__YOUR GOAL__:
Go through the listing below, and from the line containing "Retro 90's Shorts: 90s" through its last line, transcribe every line exactly, skipping pictures.

__COLLECTED DATA__:
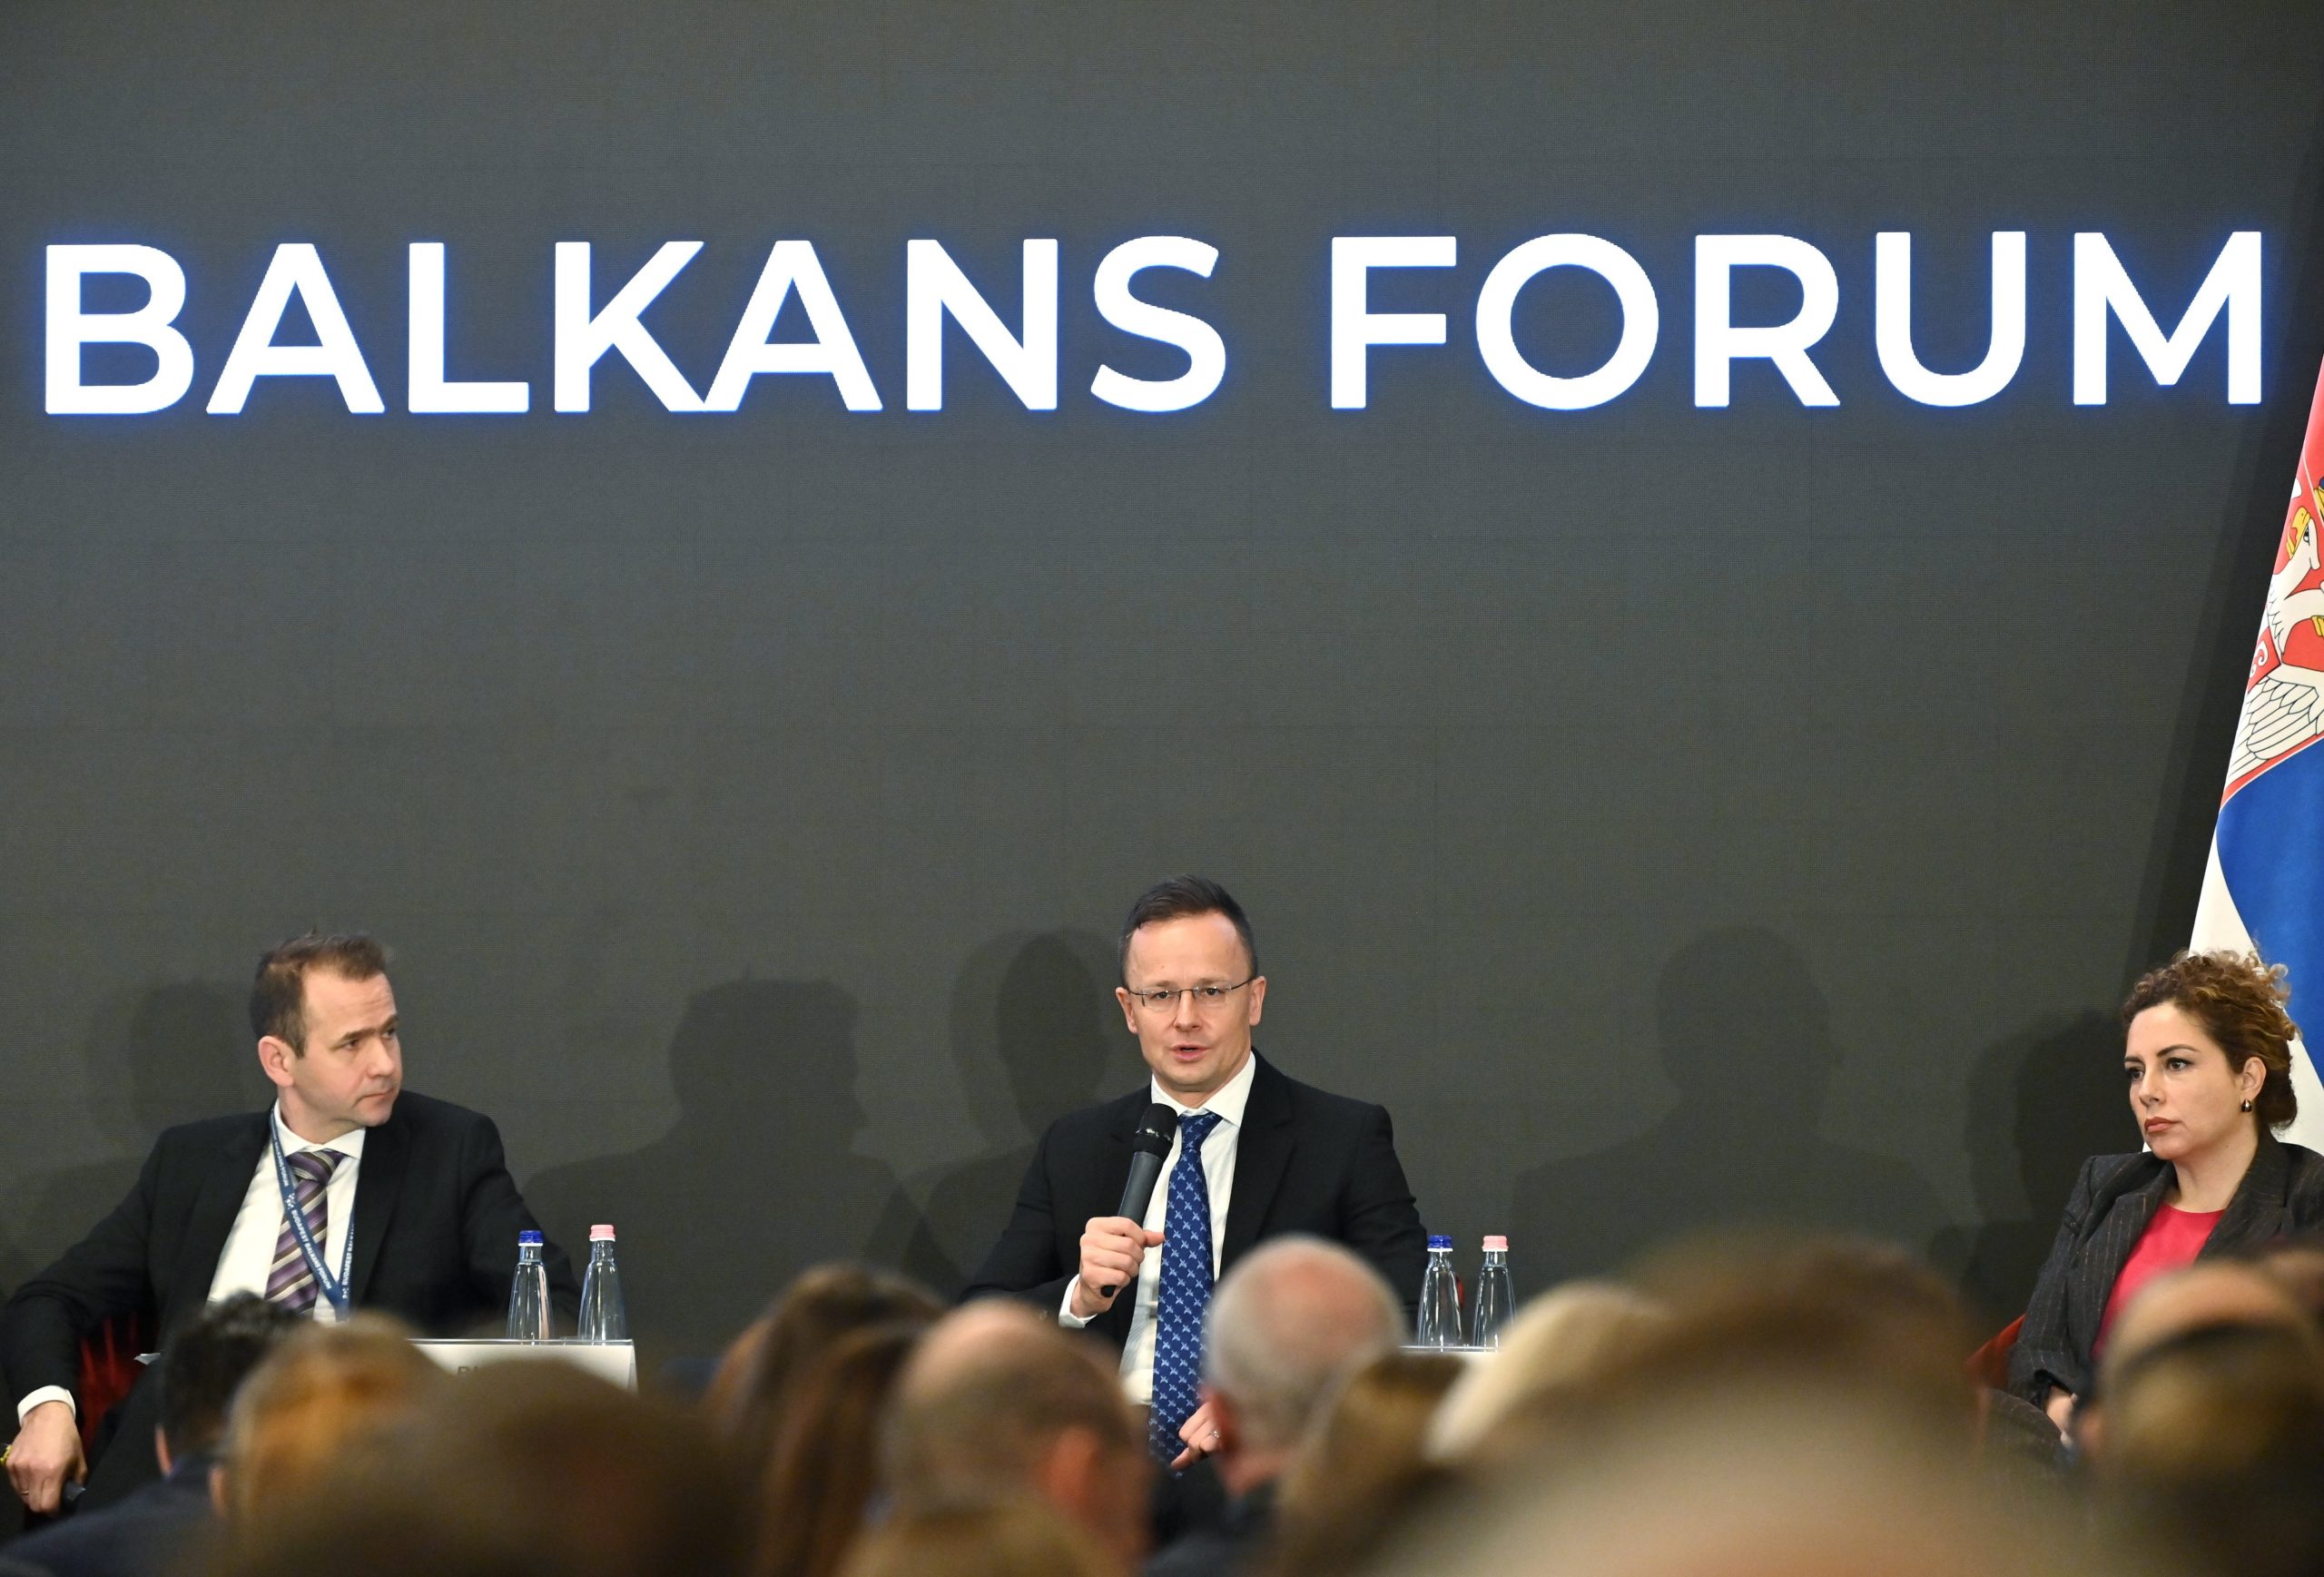 Die EU braucht den Westbalkan jetzt mehr als andersherum, so Außenminister Szijjártó
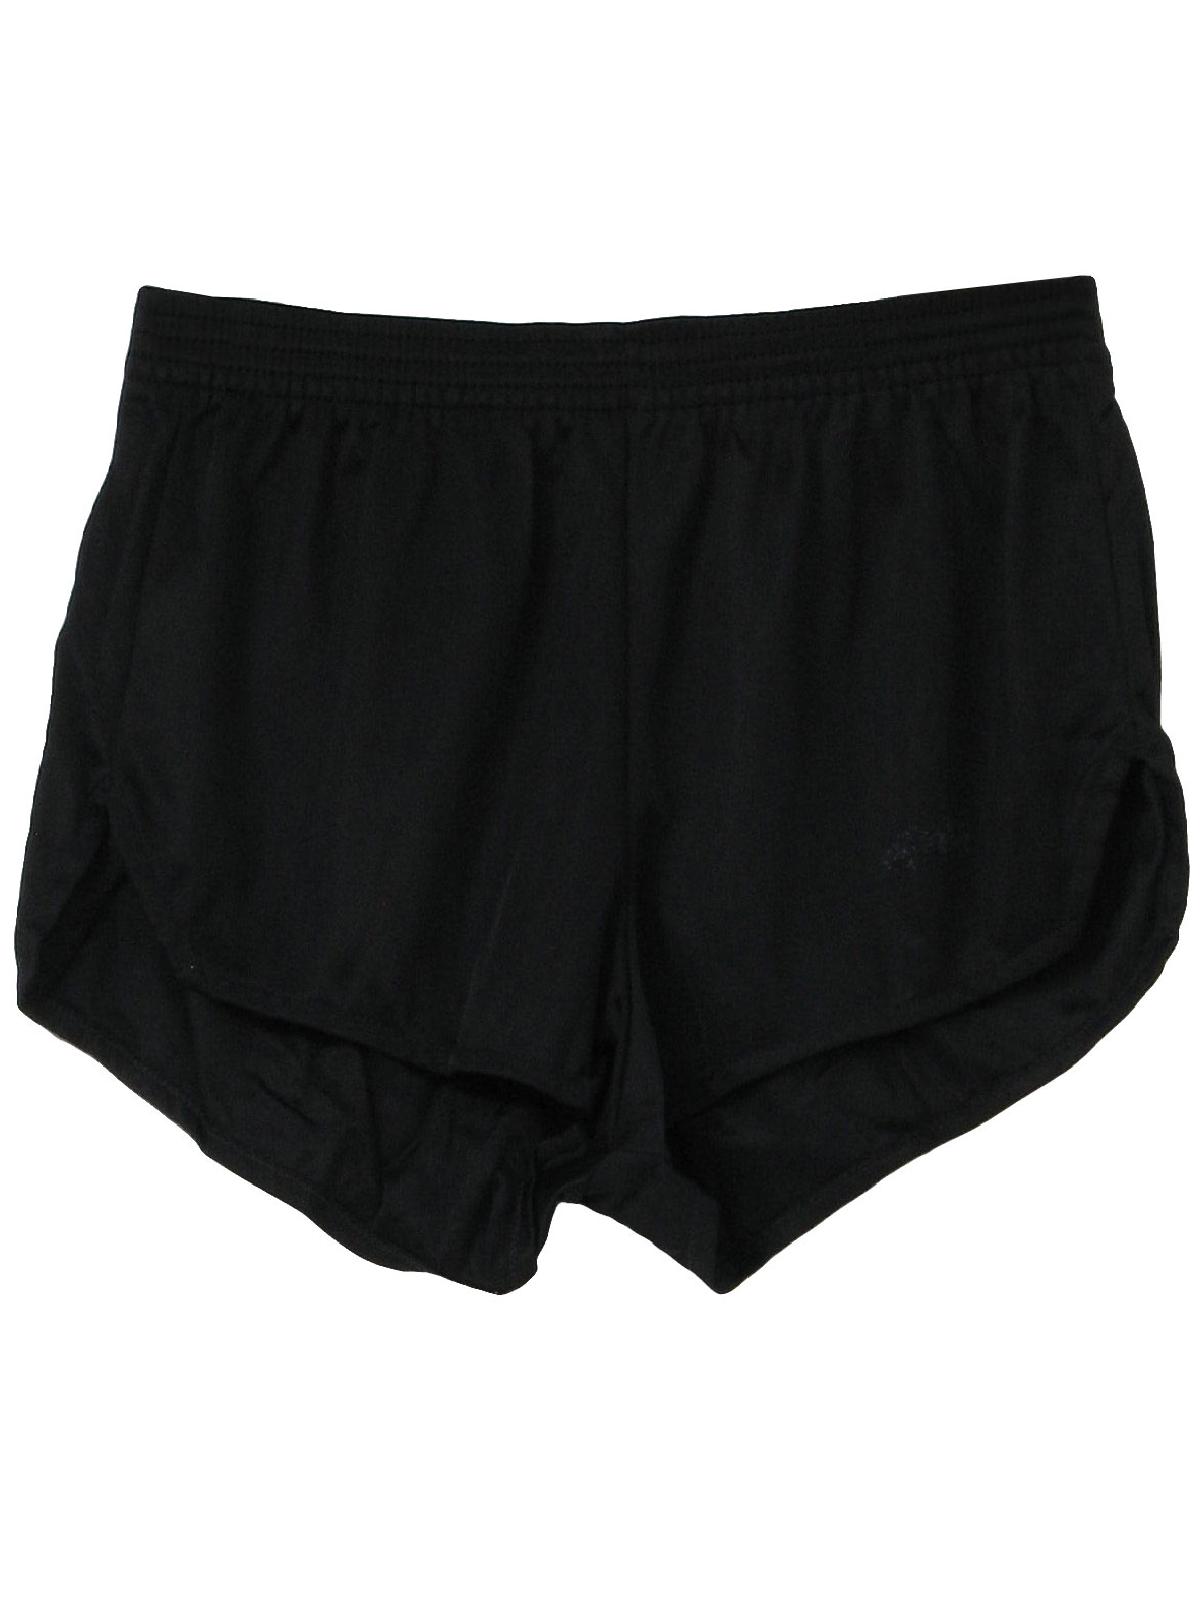 Retro 90's Shorts: 90s -Dolfin- Mens black nylon high elastic waist ...
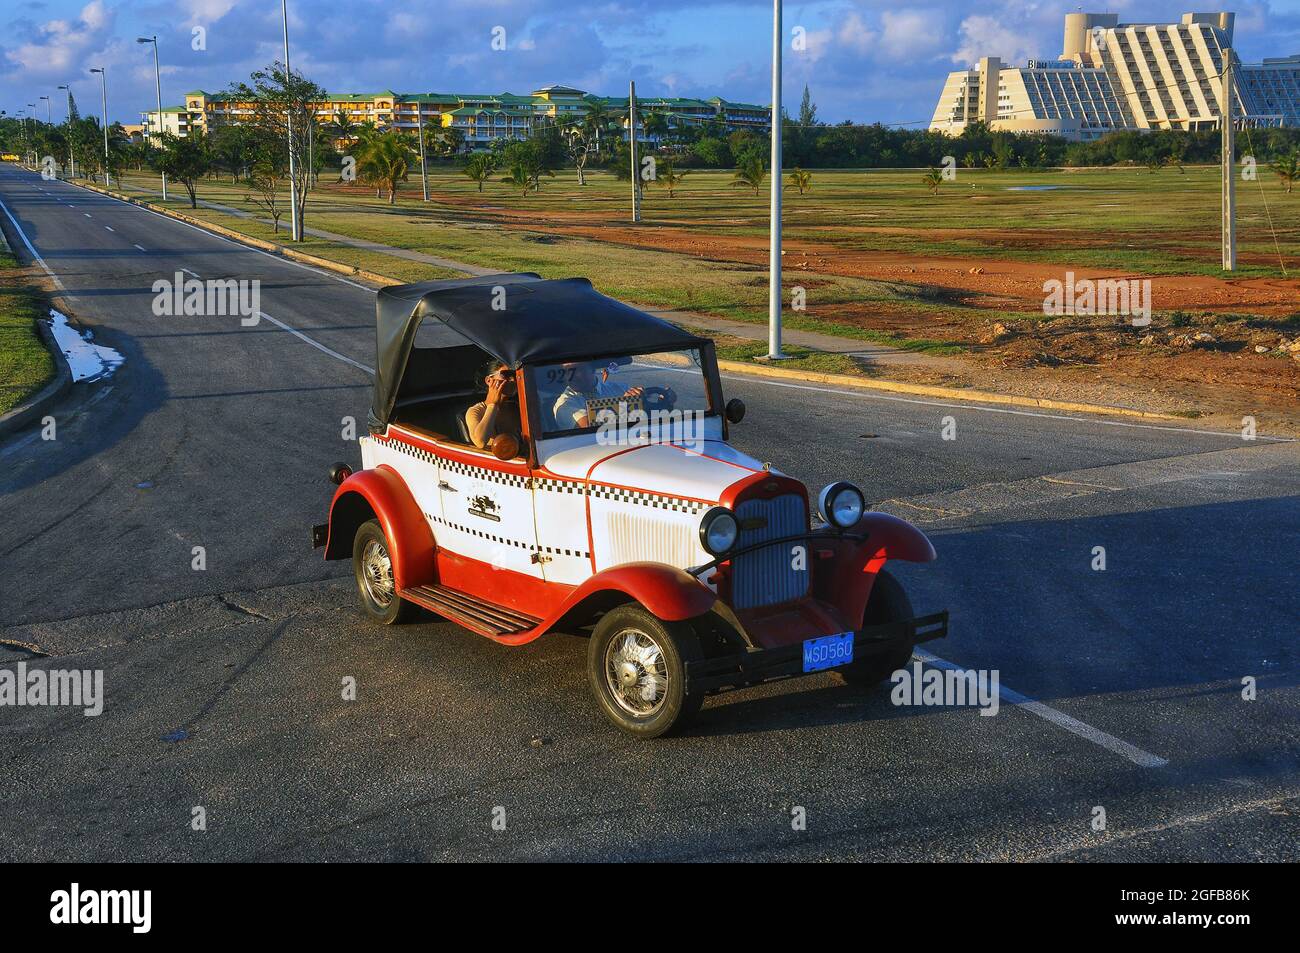 Varadero, Kuba - 3. Februar 2010: Vintage-Taxi fährt aus Melia Las Antillas Resort. Das Blau Varadero Resort befindet sich auf der rechten Seite. Stockfoto

__ANSWER FOR THE TASK__:
 Retro 90's Shorts: 90s -Dolfin- Mens black nylon high elastic waist ...
 Varadero, Kuba - 3. Februar 2010: Vintage-Taxi fährt aus Melia Las Antillas Resort. Das Blau Varadero Resort befindet sich auf der rechten Seite. Stockfoto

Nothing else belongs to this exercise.